McConnell dismisses this goal as unreachable, though he is a co-sponsor of the amendment along with every other Senate Republican.

“Conservatives are going to be disappointed with any compromise produced simply because they’re talking about the wrong things,” said Andrew Roth, vice president of government affairs at the Club for Growth, a conservative anti-tax advocacy group.

Conservative groups have pressed Republicans to promise to fight a debt-limit increase absent prior approval of deep spending cuts, enforceable spending caps and a balanced budget amendment.

“They’re talking simply about spending cuts and tax increases. We’re talking about budgetary reform. They’re still playing small ball,” Roth said of the talks between Obama and congressional leaders.

Pelosi has inserted herself into the talks by demanding a seat at the negotiating table if her caucus is expected to vote for a final deal.

But she risks disappointing liberals if she approves any deal that cuts entitlements, a compromise Obama is considering. Her caucus is increasingly frustrated with Obama.

“What we really need is a strong progressive caucus backing up Pelosi,” said Charles Chamberlain, political director of Democracy for America, a liberal advocacy group.
Chamberlain praised Pelosi for standing up to GOP demands but he’s worried that many Democrats may follow Obama and accept entitlement cuts. 

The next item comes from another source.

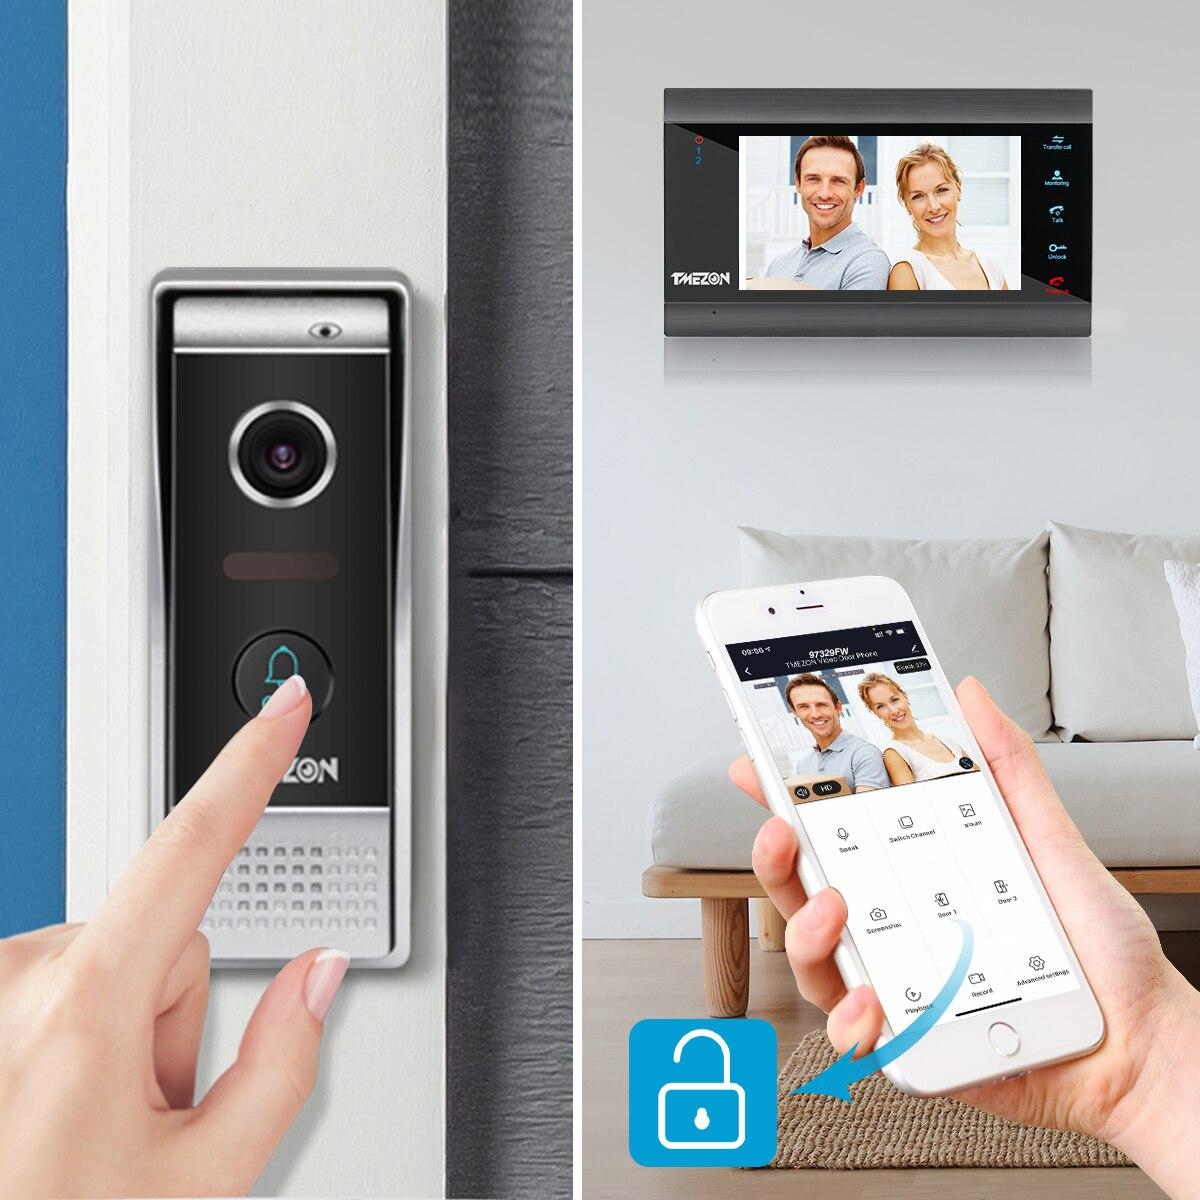 Home Intercom System Wireless WiFi Smart IP Video Doorbell 7 Inch with 1x1200TVL Wired Door Phone Camera enlarge

“When it’s Nancy Pelosi versus the president, it’s a tough internal battle for Democrats. I hope they side with Pelosi because that’s what the American people want,” he said.

A senior aide says Pelosi has been in regular contact with the White House to insist that Democrats do not want to cut future benefits in exchange for two years’ more borrowing. Pelosi argues instead for trimming deficits with higher taxes on the wealthy, closing business tax loopholes and cutting defense.

So it was embarrassing for Pelosi when the White House blindsided her last week by agreeing to put Social Security and Medicare on the chopping block.

After meeting Obama and other leaders Thursday, Pelosi emphatically said, “We do not support cuts in benefits for Social Security and Medicare.”

She added: “What I’ve said is, if there is a table that Social Security is on, it’s on its own table, and any savings should be plowed back into making Social Security stronger. And the same applies to Medicare as well.”

Labor unions and liberal groups count on Pelosi to resist cuts to entitlements that have been sacred to Democrats for decades.

“It’s clear there will be huge defections by House Republicans. In some ways the House Democrats have as much leverage as any player in this,” said Frank Clemente, campaign manager of the Strengthen Social Security Campaign, a coalition of groups including the AFL-CIO, AFSCME, MoveOn.org, the NAACP and SEIU.

“The House Democrats have a pretty unified position against cutting Social Security so we’re counting on them quite a lot,” said Clemente.